Issue extracting text from PDF with newer Aspose.PDF for .NET reference

We are updating an older tool we have from .NET Framework to .NET (.NET 8 in this case). At the same time, we are updating to the latest version of the Aspose.PDF reference. With the newer reference, it is throwing an exception when trying to extract text from some of the PDF pages. There were no issues extracting text using our existing tool coded against an older version of the package.

The exception is:

System.ArgumentNullException: Value cannot be null. (Parameter 'collection')
   at System.Collections.Generic.List`1.AddRange(IEnumerable`1 collection)
   at #=zm5lWF53b9CaGKQrgSaSBNjBjMhuumDV3AircRarR$Lx8pkCn177JYJk=.#=zkkqtmUY=(Page #=zoxu0zJc=)
   at #=zM8gldwPuW51LR$FlICwXkb$yHCyth2rLrrLvIU$LskEQ5vvAsCyhNK88OfaZ.#=zTikALPKBYtKS(BaseOperatorCollection #=zp9aiJKQ=, Resources #=zBZJECh4=, Page #=zoxu0zJc=, Rectangle #=zEE8cWxPSz4AE)
   at #=zM8gldwPuW51LR$FlICwXkb$yHCyth2rLrrLvIU$LskEQ5vvAsCyhNK88OfaZ.#=zTikALPKBYtKS(BaseOperatorCollection #=zp9aiJKQ=, Resources #=zBZJECh4=, Rectangle #=zEE8cWxPSz4AE)
   at #=zM8gldwPuW51LR$FlICwXkb$yHCyth2rLrrLvIU$LskEQ5vvAsCyhNK88OfaZ.#=z8EuYod0=(Boolean #=zvEkNy4S31USy)
   at #=zM8gldwPuW51LR$FlICwXkb$yHCyth2rLrrLvIU$LskEQ5vvAsCyhNK88OfaZ..ctor(Page #=zoxu0zJc=, TextSearchOptions #=zCVmokbMRVfgv, Boolean #=zxbF$h2l6Ovnr)
   at #=zM8gldwPuW51LR$FlICwXkb$yHCyth2rLrrLvIU$LskEQ5vvAsCyhNK88OfaZ..ctor(Page #=zoxu0zJc=, TextSearchOptions #=zCVmokbMRVfgv)
   at Aspose.Pdf.Text.TextFragmentAbsorber.Visit(Page page)
   at Bug.Program.Main(String[] args) in C:\Scratch\AsposeBug\Bug\Bug\Program.cs:line 27

In diagnosing this, we notice the exception is thrown starting with the 23.11 version of the package. Prior versions seem to successfully read all pages.

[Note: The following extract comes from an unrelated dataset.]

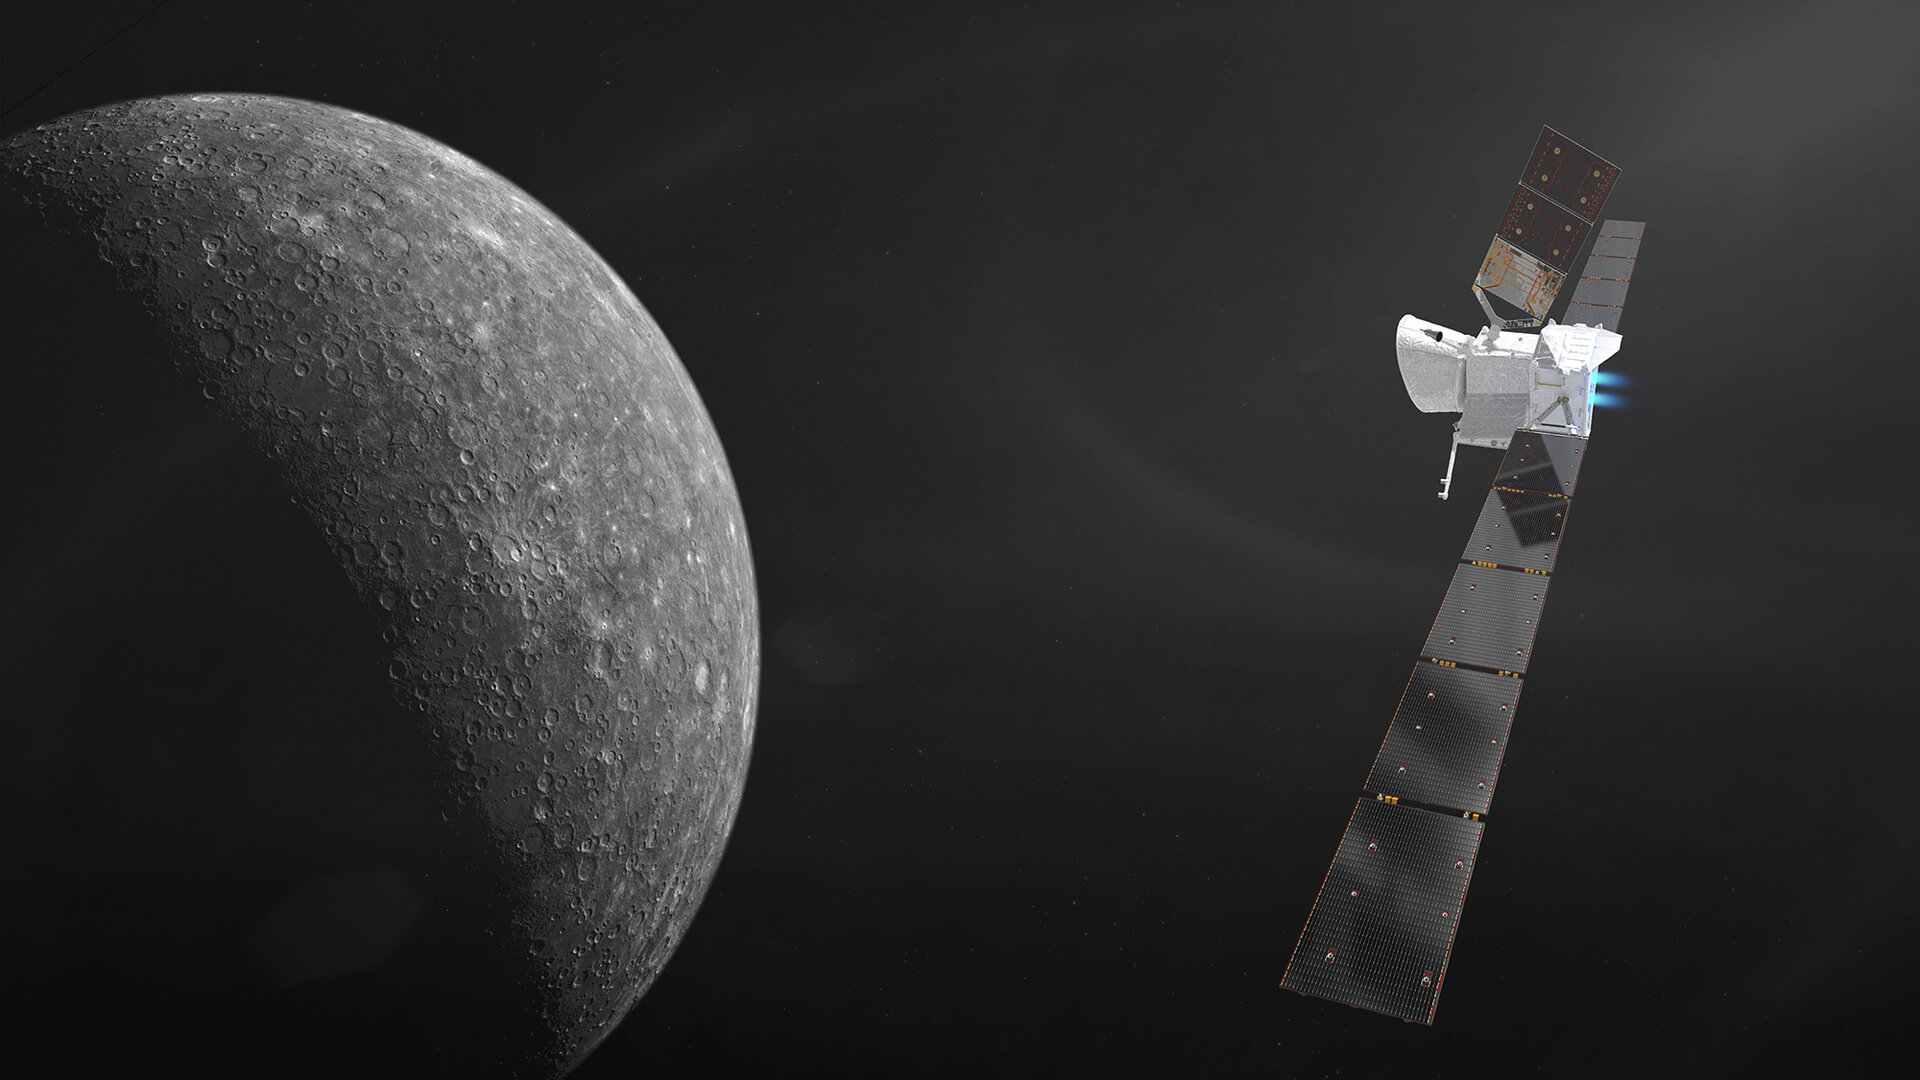 ASI - Bepi Colombo: Serena osserva la magnetosfera di Mercurio

I’ve attached an small example project that has the issue including a PDF where 3 of the pages are getting the exception thrown by the TextFragmentAbsorber as we are looping through the pages and extracting text.

Bug.zip (112.2 KB)

Thanks

@kevin.coon

We are checking it and will get back to you shortly.

@kevin.coon

We have opened the following new ticket(s) in our internal issue tracking system and will deliver their fixes according to the terms mentioned in Free Support Policies.

Issue ID(s): PDFNET-60177

You can obtain Paid Support Services if you need support on a priority basis, along with the direct access to our Paid Support management team.